Another great community example is Get Satisfaction customer SPS Commerce. They are a leader in cloud-based supply chain management systems. They launched their community to be a crowd-sourced online knowledge base where customers can quickly get answers to their questions for the purpose of deflecting support costs. They have deflected about 50,000 inbound support requests to email and phone last year. Support requests typically cost between $10 and $50 each. So by that logic, they are saving anywhere between $500,000 and $2.5M annually through their Get Satisfaction community. These are significant economic benefits.

And finally TriNet, who provides HR solutions to small and medium businesses and uses community to help drive product innovation. They wanted to have a culture of continuous innovation based on customer input. For example, one idea shared in the community was to create a preview page before a final payroll is submitted. Hundreds of people weighed in favorably and said, “Hey, this is a really good idea. We need this too.” Without a customer community, TriNet would have never have known that was such a high priority across the customer base. They also embedded the community right into the product so customers don’t have to go elsewhere to provide that feedback and that drives participation.

Vanessa: What is the future of online community – where are we are headed as an industry?

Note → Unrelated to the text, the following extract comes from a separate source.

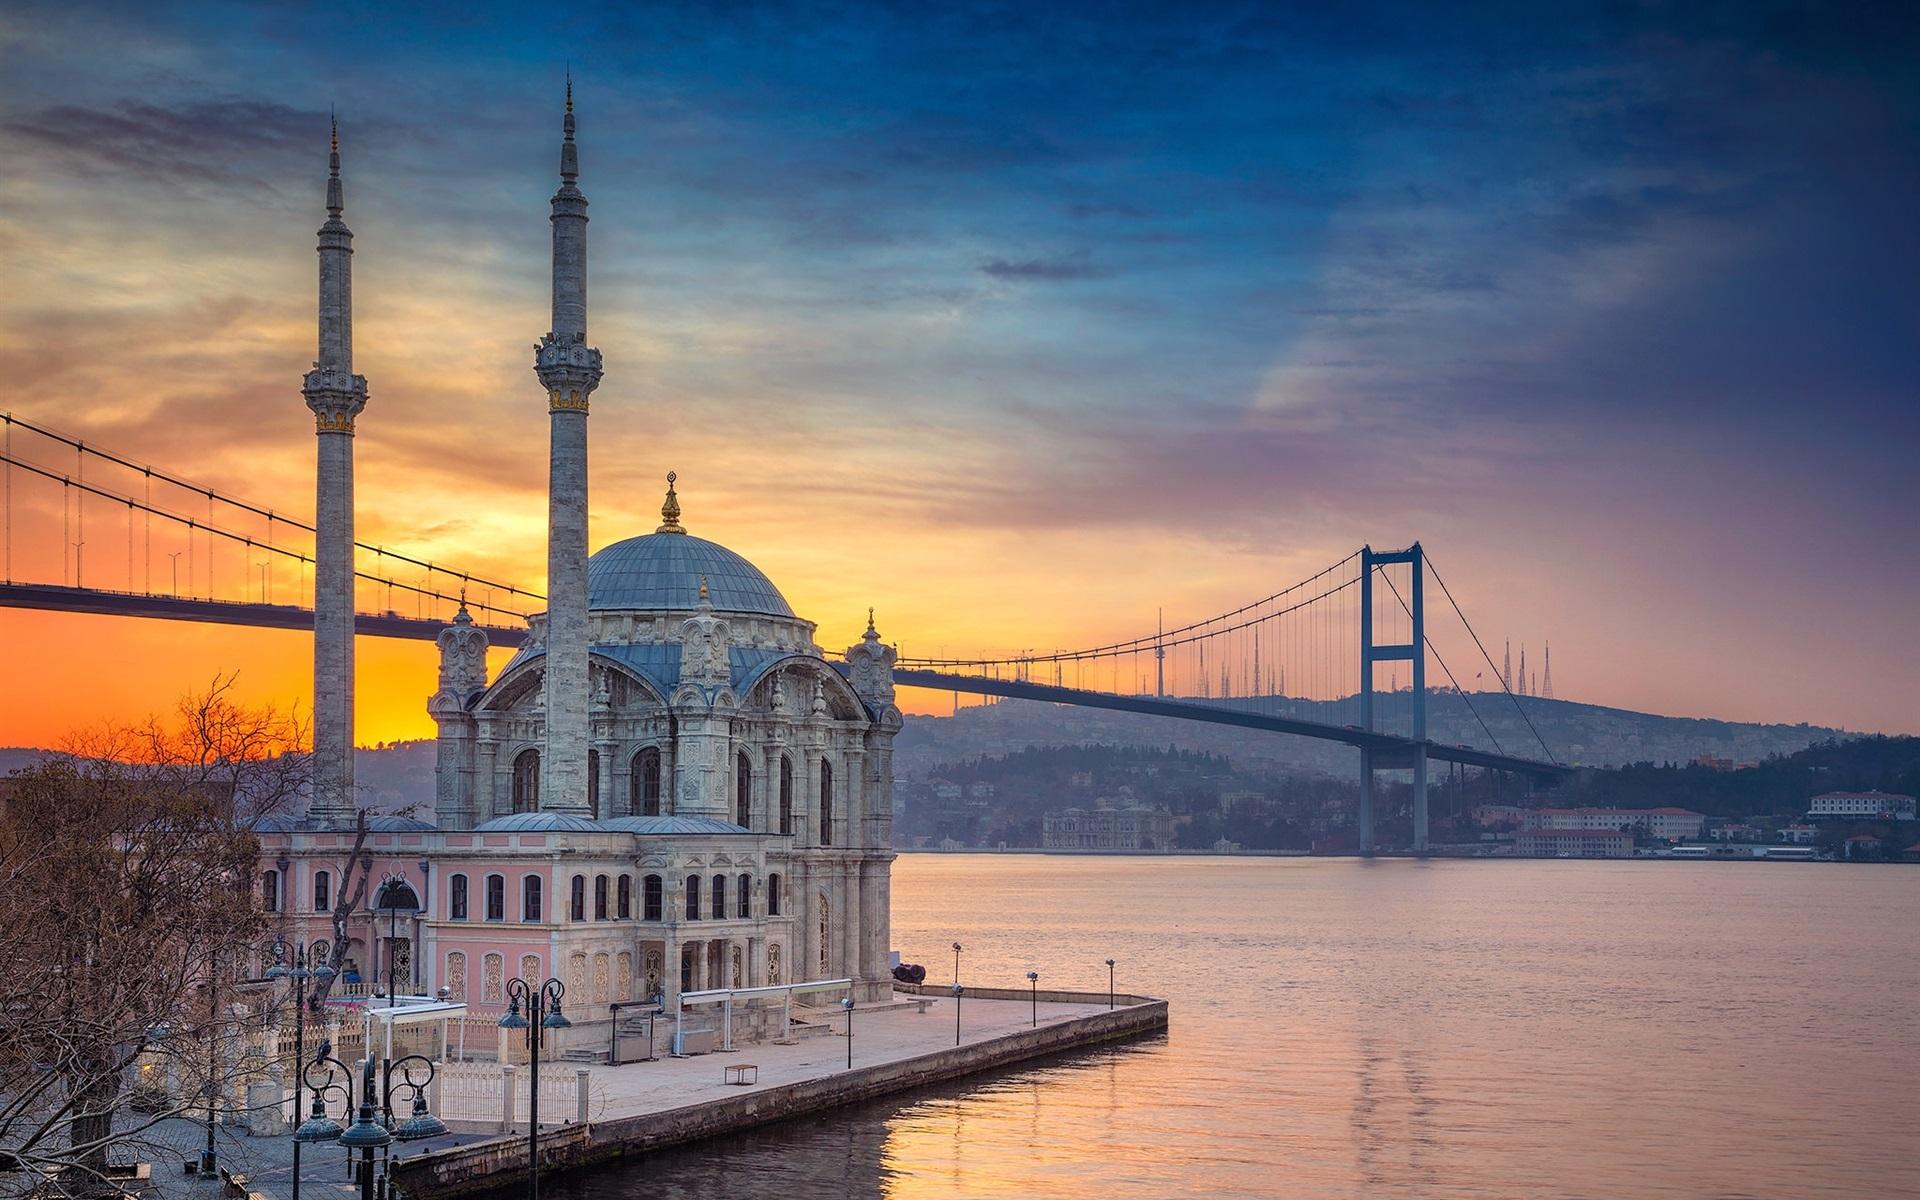 Alquiler de yates en Turquía. Yates baratos de alquiler en Turquía. Yates de alquiler en Turquía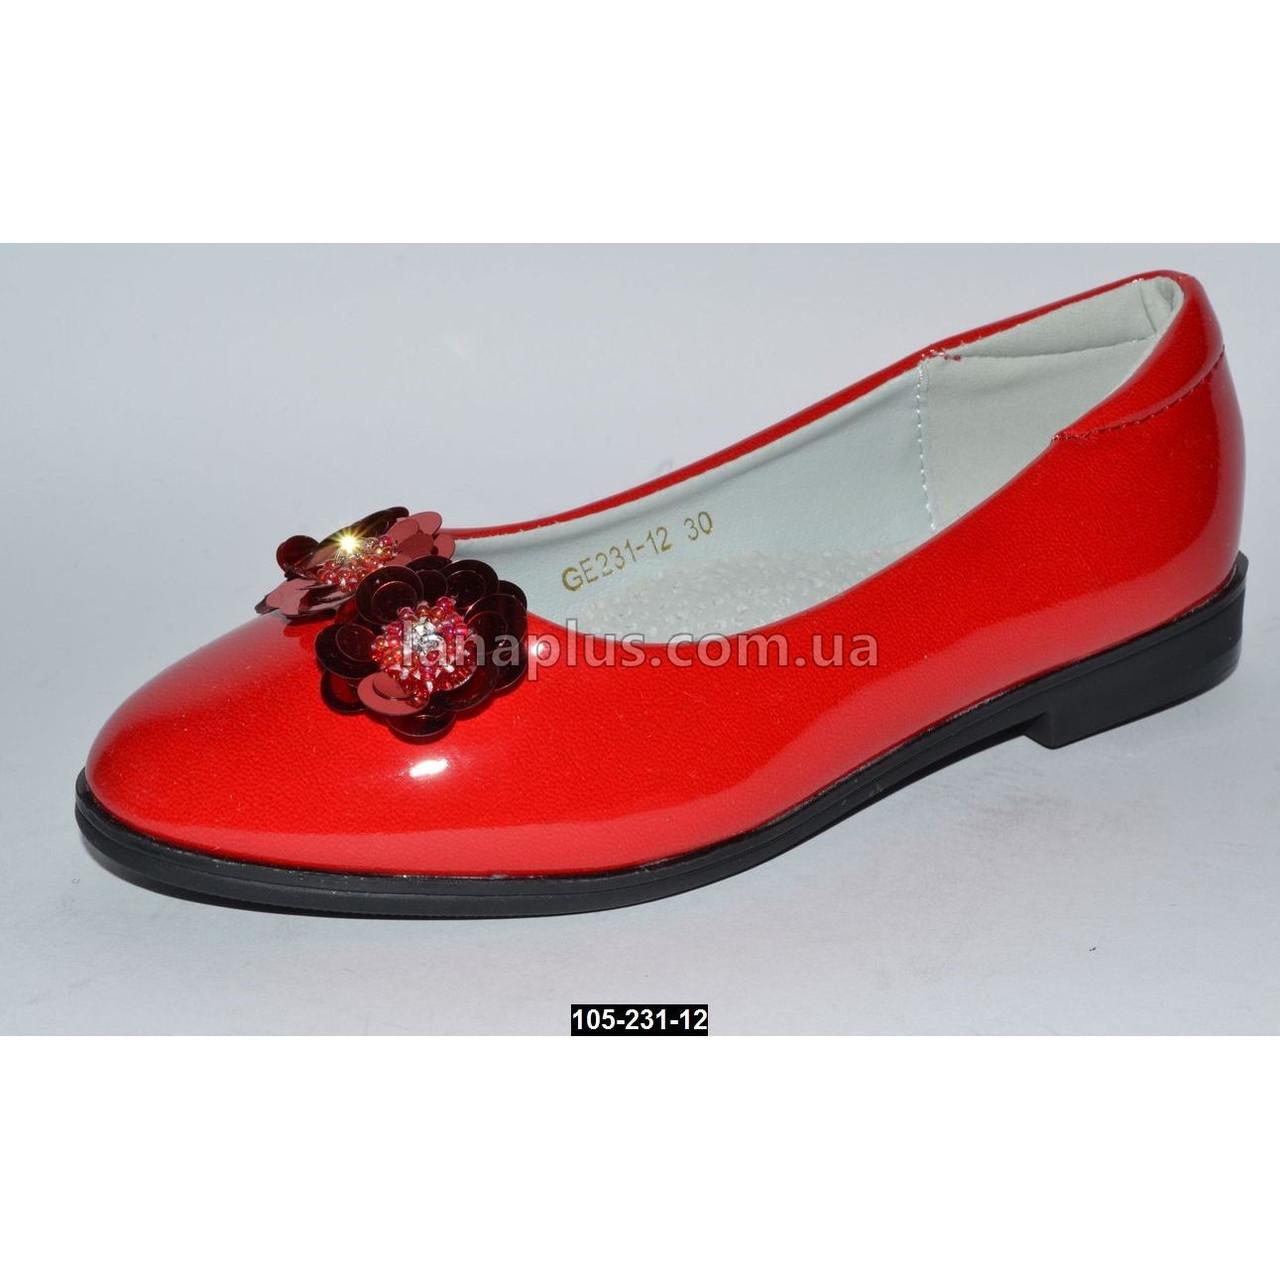 Нарядные балетки для девочки, 30 размер (20 см), туфли на выпускной

Rahul: Our vision for the future of online communities is to create a world where communities are ingrained in the way companies do business. We imagine a world where communities connect any customer, anywhere, anyhow and at their point of need; a world where communities help companies be more open, authentic and help serve their customers better; and a world where communities are part of the operational fabric of a company; a world where communities help companies be smarter about their customers.